Michael John Drake’s blue cat weighed nearly 70 pounds. WVDNR.

Earlier this month, angler Micheal John Drake hooked a giant blue catfish while casting cut shad in the Ohio River, about an hour northwest of Charleston, West Virginia. According to the West Virginia Department of Natural Resources (WVDNR), the big blue cat tipped official scales at 69.45 pounds, edging out the previous weight record by 36 ounces.

Drake—a resident of the nearby town of St. Albans—released the fish after WVDNR hatchery manager Ryan Bosserman came out to record its weight and length for the record books. Bosserman taped it out at 50.51 inches, just shy of the current length record of 50.7 inches. That fish was caught by Steven Price in the Kanawah River in May 2022. Price’s blue cat weighed 67 pounds.

According to a recent press release, Drake was fishing the Ohio from his boat, just below the R.C. Byrd Locks and Dam, when he hauled the record-breaking catfish aboard. Blue catfish are native to the Ohio River watershed, and their indigenous range extends as far west as the Rio Grande Basin.

On the East Coast, blue catfish are considered an invasive species. In the 1970s and 80s, blue catfish were intentionally stocked in non-native waterways for recreational fishing purposes. Now they’re known to feed on and outcompete the native species in some of those fisheries. They even thrive in coastal waters, like the Chesapeake Bay, where they can wreak havoc on blue crab, striped bass, shad, herring, and Atlantic sturgeon populations.

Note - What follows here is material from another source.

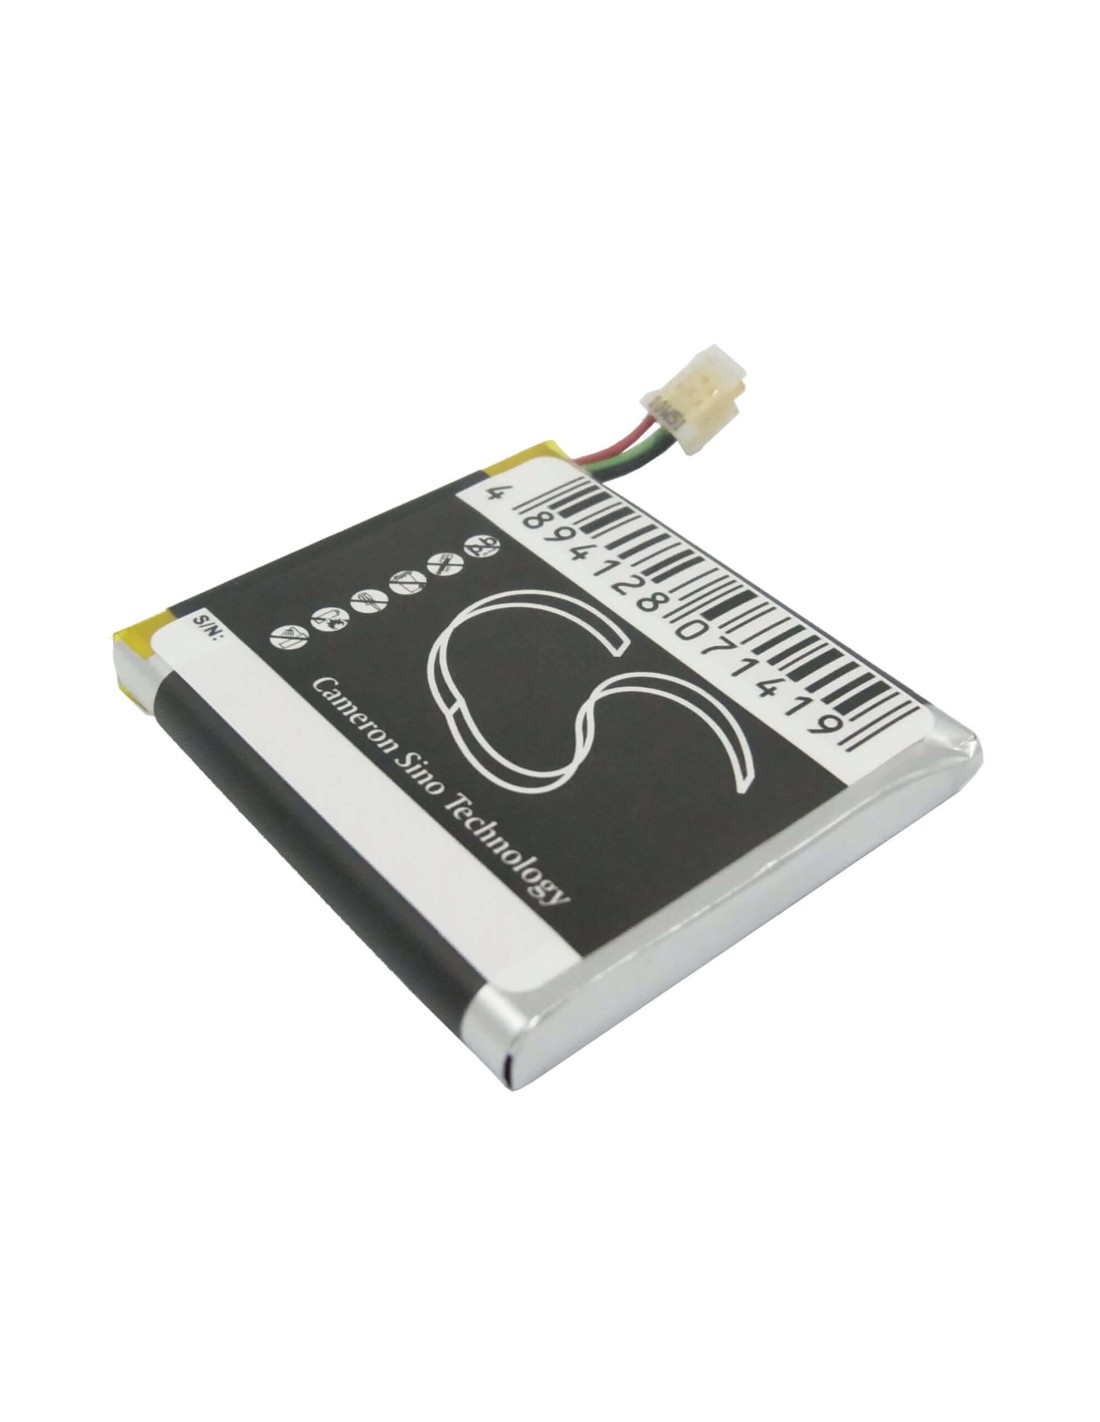 Battery for Sony Ericsson Xperia X10 Mini, E10i 3.7V, 900mAh - 3.33Wh

Related: How to Catch Catfish

On its website, WVDNR says that “recent stocking efforts have likely contributed to the establishment of fishable populations within the West Virginia portions of Ohio River.” Those efforts began in 2004, and the state has logged a new record for the species almost annually ever since. WVDNR advises anglers in search of blue cats to fish flowing water bodies with streambeds comprised of cobble, bedrock, boulders, or sand. “Blue catfish generally inhabit open water,” the agency states, “and they are thought to avoid backwater areas and slow-moving water with heavily silted bottoms.”